Update 2011/02/22 10:05 PST
As per comments on this post, I updated the list by removing hibernate, spring, and sass and added gwt and grails. I also updated the chart reflecting this information, and created an additional chart which plots the frameworks as a percentage of the questions asked each week to hide stackoverflows’s growing popularity.

Adam and I are currently in the process of working on our research about the Execution After Redirect, or EAR, Vulnerability which I previously discussed in my blog post about the 2010 iCTF. While Adam is working on a static analyzer to detect EARs in ruby on rails projects, I am testing how simple it is for a developer to introduce an EAR vulnerability in several popular web frameworks. In order to do that, I first needed to come up with a mostly unbiased list of popular web frameworks.
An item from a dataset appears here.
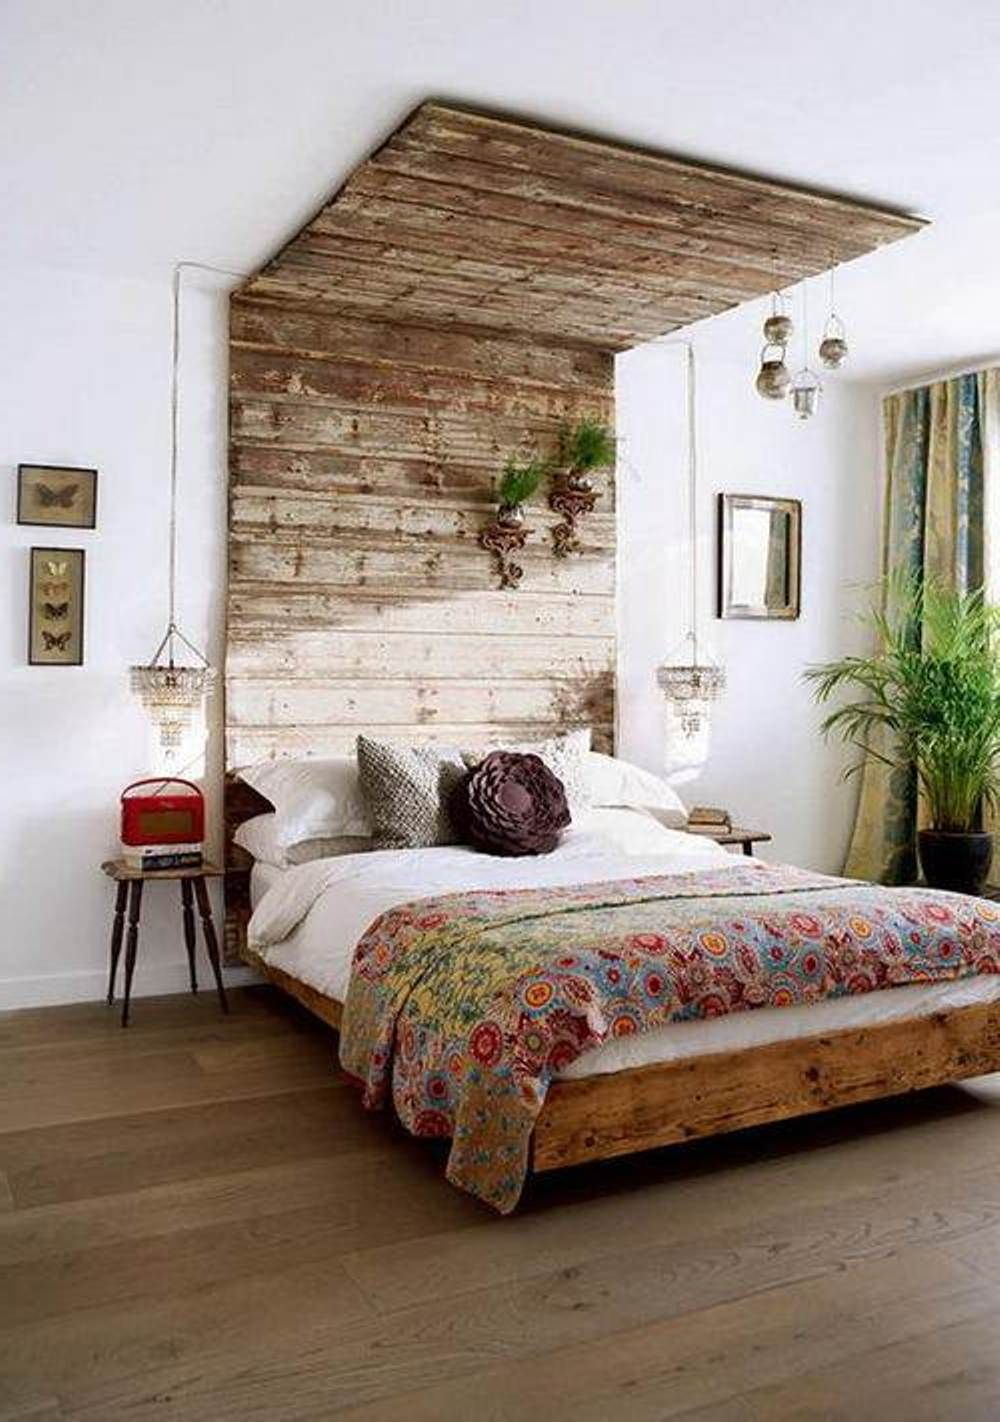 Boho Bedroom Stylish Boho Chic Bedroom Home Pinterest

My first thought was to perform a search on the top web frameworks hoping that the information I seek may already be available. This search provided a few interesting results, such as the site, Best Web-Frameworks as well as the page Framework Usage Statistics by the group BuiltWith. The Best Web-Frameworks page lists and compares various web frameworks by language, however it offers no means to compare the adoption of each. The Framework Usage Statistics page caught my eye as its usage statistics are generated by crawling and fingerprinting various websites in order to determine what frameworks are in use. Their fingerprinting technique, however, is too generic in some cases thus resulting in the labeling of languages like php and perl as frameworks. While these results were a step in the right direction, what I was really hoping to find was a list of top web frameworks that follow the model, view, controller, or MVC, architecture.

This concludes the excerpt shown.